As new reports surface daily as to the extent of Fyre’s overextension, litigants are looking for deep pockets from which to recoup funds, and Jain, whose husband’s Millennium Management oversees $35 billion in assets, fits the bill. Tablelist, a startup company the suit contends was once valued at $18 million, “is at risk of losing it all due to defendants’ conduct.”

Jung claims Tablelist passed “nearly every dollar” of ticket sales funds to the Fyre Festival organizers, retaining only 10% in escrow against what Tablelist thought would be a limited number of refund requests, as well as its service fee.

The suit states that Jung was shown documentation projecting “over 80,000 tickets would be sold and that the Fyre Festival would bring in $190 million in revenue.” Event organizers presented Tablelist with numerous assurances the festival would be well-organized and well-funded luxury event, pointing to high-profile celebrity endorsements, headlining musical acts, significant sponsorship deals, and a competitive bid process for the ticketing vendor role, according to the complaint.

After the event’s cancellation, Tablelist immediately demanded that Fyre Media return the millions of dollars they had received through ticket sales, the complaint states.
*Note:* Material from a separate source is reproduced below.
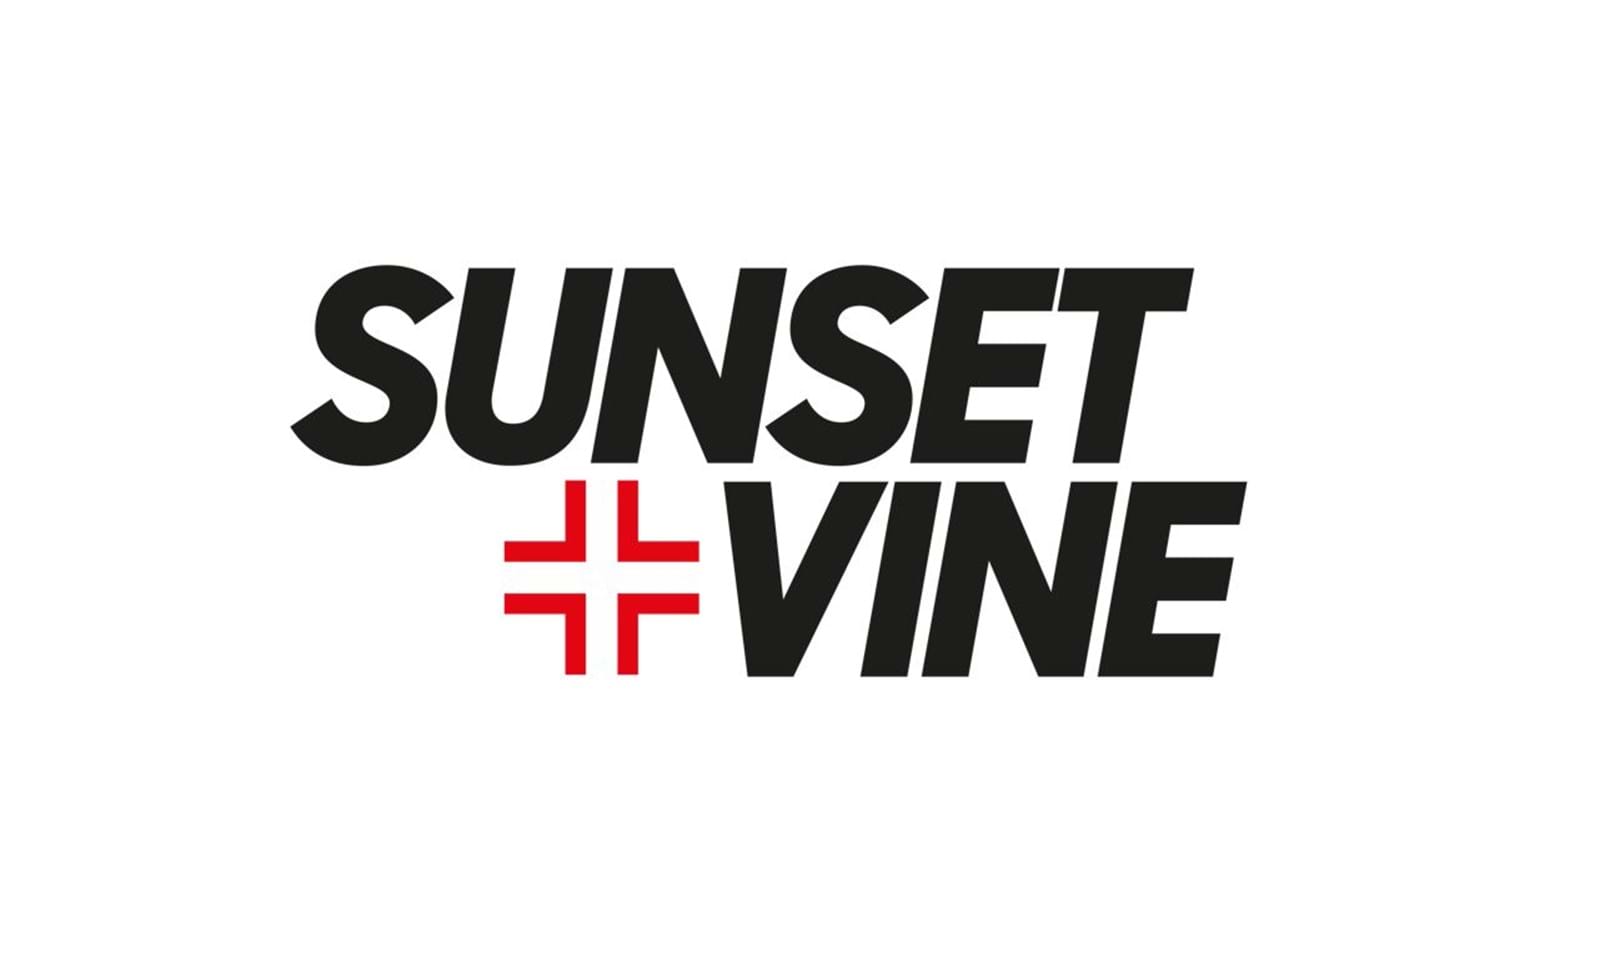 Sunset+Vine return to the DP World ILT20 as Host Broadcaster

Despite announcing that “all festivalgoers this year will be refunded in full,” festival organizers never remitted a penny to Tablelist to pass along to consumers, according to the suit. Ticket purchasers are now pursuing millions of dollars in chargebacks — working through their credit card companies to receive refunds – which vastly exceed the depleted escrow fund.

Jung’s suit said he expressed early concern about possible refunds if the event were not to go forward, or other disaster, requesting increased escrow, and was told in an email from McFarland, “This is not the way we are able to operate when we have some of the largest players in the world involved in the festival.”

According to Jung’s suit, McFarland alluded to the “people we paid $10mm to for the island, or the engineer that’s putting in $5mm of infrastructure, or to Drake, Blink-182, and the 40 other artists that we’re committing $10mm, or to Kendall Jenner and Cara Delevingne, who’ve dropped their schedules to make themselves the face of Fyre Festival.” With the exception of the now-infamous social media efforts of Jenner and Delevingne, the rest either never existed or never materialized.

“Like so many other companies, investors and endorsers, Tablelist – and our customers – are victims of a fraud,” Jung said, detailing in his complaint an intentional, “highly orchestrated scheme” by Fyre and its principals to enrich themselves at the expense of others.

Since the Fyre Festival’s spectacular failure, Tablelist, a startup founded in 2013, has had to lay off 40% of its workforce on the consumer side of its business while it focuses on the litigation to do right by its customers, and Jung asserts that the company is in danger of being incinerated by the Fyre fallout.

Lawyers for McFarland and Fyre Media have not responded to inquiries. A representative for Jain had no comment.